На следующий день родители уехали домой,  и у меня началась "весёлая" жизнь, хотя и без всех тех ужасов, коими пугают несведущие люди. Мы так же, как и раньше занимались "грязной" работой в расположении и вне его. Изучали устав патрульно-постовой службы, бегали марш-броски в полном обмундировании, совершенствовали показатели в нормативах по сборке-разборке автомата и действий при команде "газы".

Однажды ночью, когда мы с Кириллом давно уже спали, что-то, и довольно-таки больно, ударило меня в челюсть. Я открыл глаза и увидел ухмыляющуюся физиономию ефрейтора Глазьева, стоявшего у моей кровати.
"Хватит дрыхнуть, "душара"! Пора и за «службу« приниматься! Не дрейфь!  Делай всё, что скажут «дедушки»,  до «дембеля« доживёшь! – воскликнул он,  и рассмеялся.
Оглянувшись, я тут же заметил, что никто в нашей половине не спал --все взгляды были обращены на нас.
У окна стоял, ничего не понимающий Лопухин, и протирал глаза. Быстро оценив обстановку, поначалу решил не вступать в спор с "дедушкой", пьяным как сапожник. Поднялся и встал рядом с Кириллом.
"Ну что, "духи", кончилась лафа! Теперь будете нашими «рабами«! — произнёс Глазьев, и со всего размаха "залепил" Лопухину по лицу, разбив нос, отчего тот чуть не упал.
"Терпи, Кирюха! Терпи, брат! Это проверка нашей прочности! От того, как мы её пройдём, будет зависеть наше будущее в части"! — мысленно пытался я поддержать друга.
"А ну, отжимайтесь, мрази! Каждый по пятьдесят раз! — снова послышалось со стороны Глазьева.
Кирилл, вытирая кровь, приняв "положение, лёжа", тут же стал выполнять приказ. То ли я тогда ещё не проснулся, то ли моя гордость просто не позволила, но отжиматься не стал. Глазьев покраснел. "Понюхавшего" армейскую жизнь "деда", не слушается какой-то "дух"?!
"Ты чего, мразь, совсем нюх потерял?! Видишь, твой друг отжимается? А ты что, особенный?! Живо упал на пол и начал выполнять мой приказ!" --прорычал он.
Но, не заметив движения с моей стороны, ефрейтор рассвирепел.
"Видно не понимаешь ты по-хорошему, «душара«! Тогда тебя стоит поучить уму-разуму, чтоб запомнил на будущее!" – прорычал Глазьев.

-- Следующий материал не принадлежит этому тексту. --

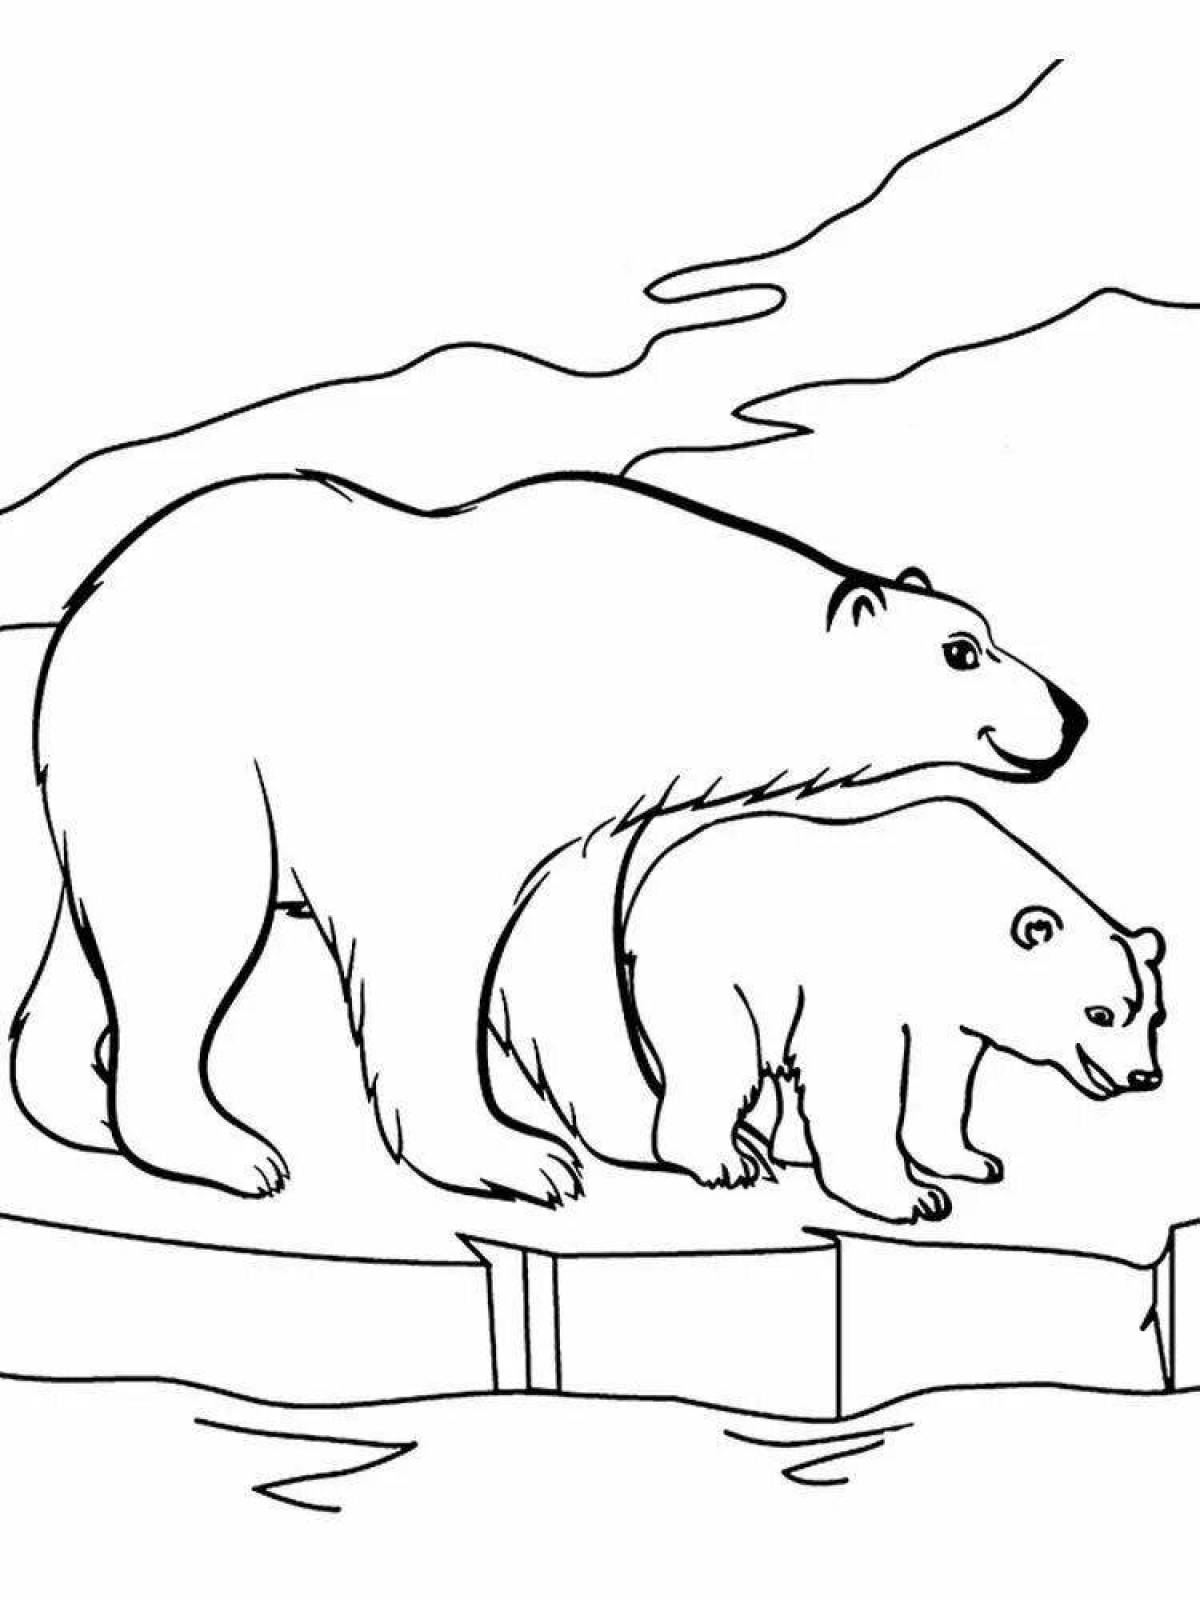 Arctic polar bear coloring page

Он подошёл ко мне на вытянутую руку и, со всей дури, ударил, меня в грудь. Удар пришёлся в солнечное сплетение. Я еле держался на ногах.
"Спокойно, салага, стой прямо! Дышать трудно?! Через раз дыши! Терпи казак, атаманом будешь!" – подбадривал я себя.
"Вот так получают «письма из дома", «душара«!" — произнёс он и, с разворота, ударил меня в челюсть.
Я, почему-то, не принял в защитную стойку, как учил Арчибальд Данатович. Наверное, сработал фактор неожиданности.
"Терпи, салага! Больно, но терпимо же! Выдержишь – получишь уважение! Сдашься – будешь «рабом«! Не забывай о своей чести! Она одна у тебя, другую уже не достанешь! – говорил я себе, хотя от боли из глаз "сыпались искры.
Глазьев смотрел только на меня, как будто всё в мире переставало для него существовать. Он просто поедал меня глазами, как будто только что увидел.
"Ты, или каменный, или псих! – воскликнул он и, развернувшись, пошёл на свою кровать.
В расположении наступила тишина, все смотрели на меня с удивлением. Как оказалось, ефрейтор Глазьев был мастером спорта по боксу и боевому самбо. А я не только выдержал удар, но и не показал виду, что больно! Ко мне подошёл Сергеев и сказал:
"Ну, ты, брат, даёшь! После такого удара, как у Глазьева не всякий устоит на ногах! Теперь к тебе никто не полезет из наших, а если кто чужой обидит — поможем! Кстати, если есть желание, можешь вместе со мной и Глазьевым заниматься боевым самбо".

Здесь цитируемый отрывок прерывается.